Hospital for Women

Soho Square, W1N 6JB

Medical dates:

Medical character:

1842 - 1988


The Hospital was founded in 1842 in Red Lion Square by Dr Protheroe Smith, a prominent London obstetrician.  It was reputed to be the first hospital in London for the 'treatment of those maladies which neither rank, nor wealth, nor character can avert from the female sex'.

The Hospital soon outgrew its Red Lion Square premises and, in 1852, moved to buildings at 30 Soho Square and 1 Frith Street.  At this time 20 in-patients could be accommodated.  By 1862 there were 50 beds.

In 1865 the freehold for the house next door, 29 Soho Square, became available and the hospital bought it for £2540.

Between 1867 and 1869 no. 29 was rebuilt in red brick with an extra two storeys being added for private patient accommodation.

In 1882 No. 2 Frith Street was purchased; it was rebuilt in 1894 to contain the Out-Patients Department and the nurses' dormitories.

In 1904 the King Edward's Hospital Fund suggested that the Hospital move from central London, but the Hospital Committee decided that none of the alternative sites were better than the current one.  Plans for a new building on the same site fell through due to lack of money, but modified alterations to 29-30 Soho Square were carried out in 1909.  A new stuccoed facade was added.  Nos. 3 and 4 Frith Street were incorporated into the Hospital building.  The King Edward's Hospital Fund provided most of the £20,500 for the project.

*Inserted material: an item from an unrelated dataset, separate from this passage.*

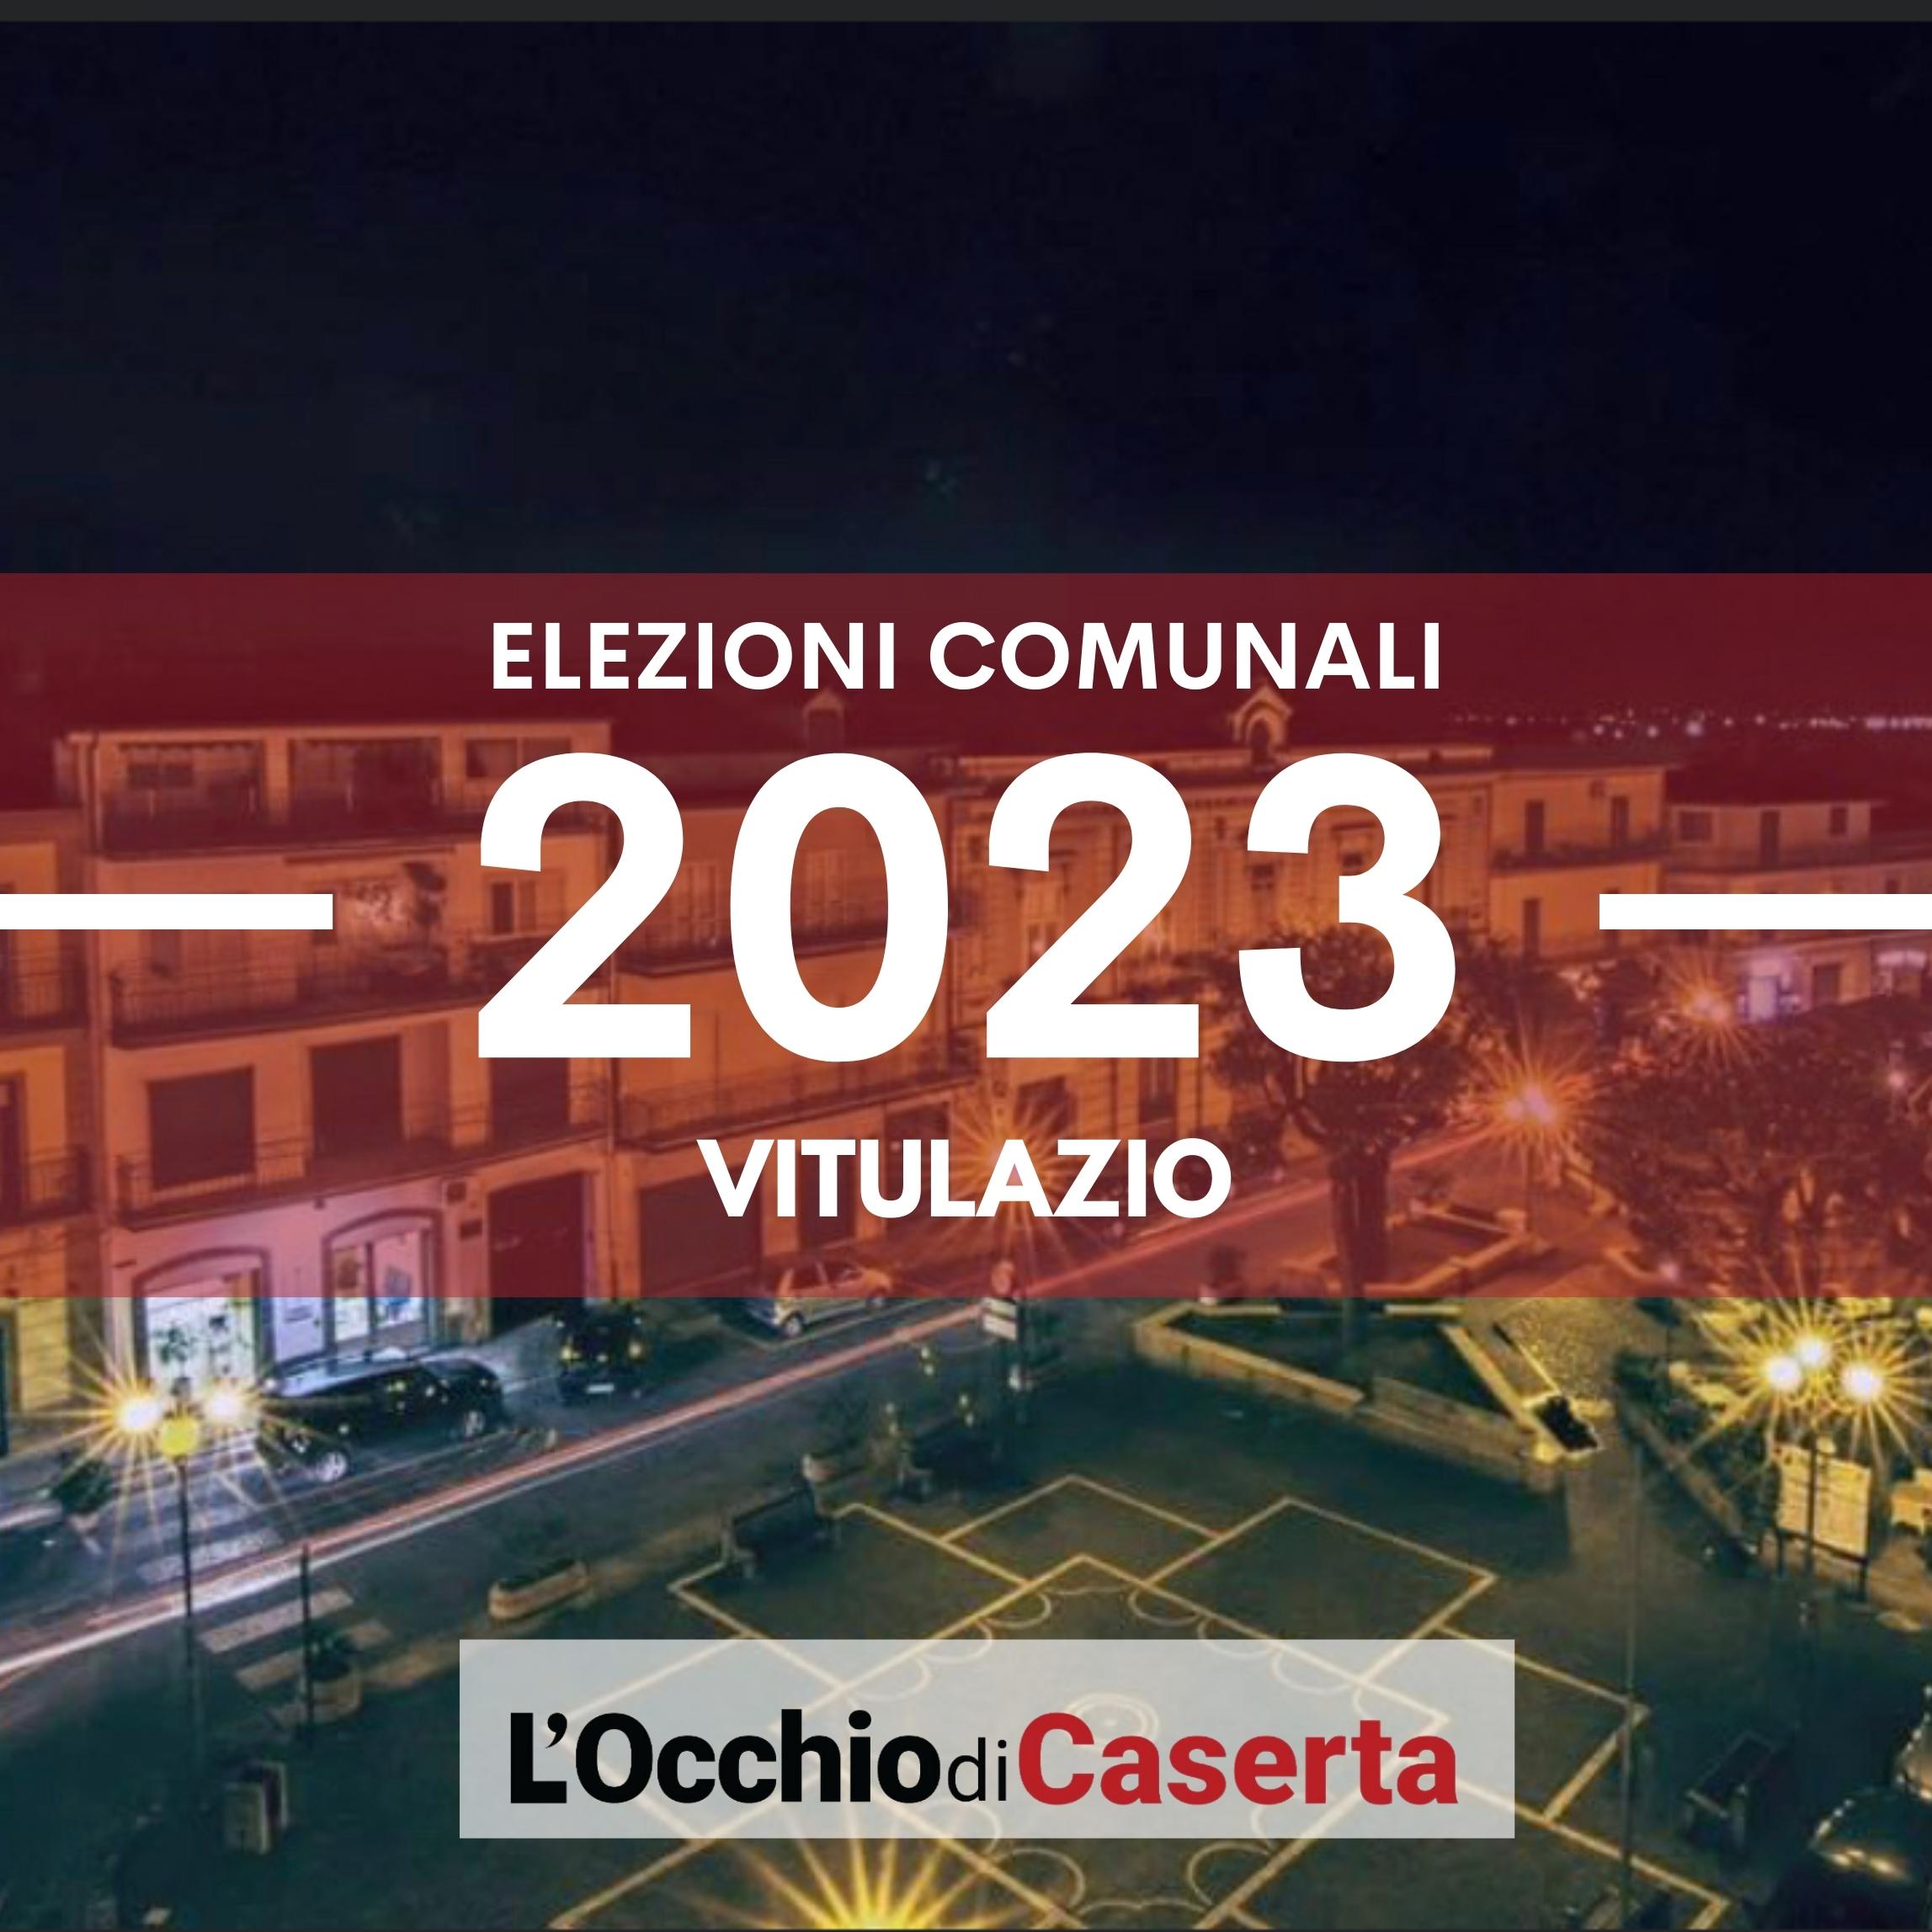 Elezioni comunali 2023 Vitulazio liste candidati

During WW2 the Hospital was closed.

In 1988 it merged with the Elizabeth Garrett Anderson Hospital in Euston Road.

Present status (May 2008)

The building is now The Soho Centre - a walk-in clinic providing health information, advice and treatment for minor illnesses and injuries for people who live, work or are visiting the area.

Hospital for WomenHospital for Women

No. 29 Soho Square (left) and No. 30 (right).

Hospital for Women

The Hospital building retains the appearance of two houses - No. 29 is three windows wide and five storeys high, while No. 30 is four windows wide and has a mansard roof.

Hospital for Women

The doorway of No. 30 Soho Square with the name of the Hospital inscribed above. A notice directs patients to the clinic next door in Frith Street.

Hospital for Women Hospital for Women

The Walk-In Clinic in Frith Street (left) and its entrance (right).

Hospital for Women

The Hospital building in Frith Street as seen looking north to Soho Square.

During the second half of the 19th century several of the houses in Soho Square were occupied by small hospitals - the Hospital for Women at 29-30, and at No. 32 both the Dental Hospital of London and the National Hospital for Diseases of the Heart.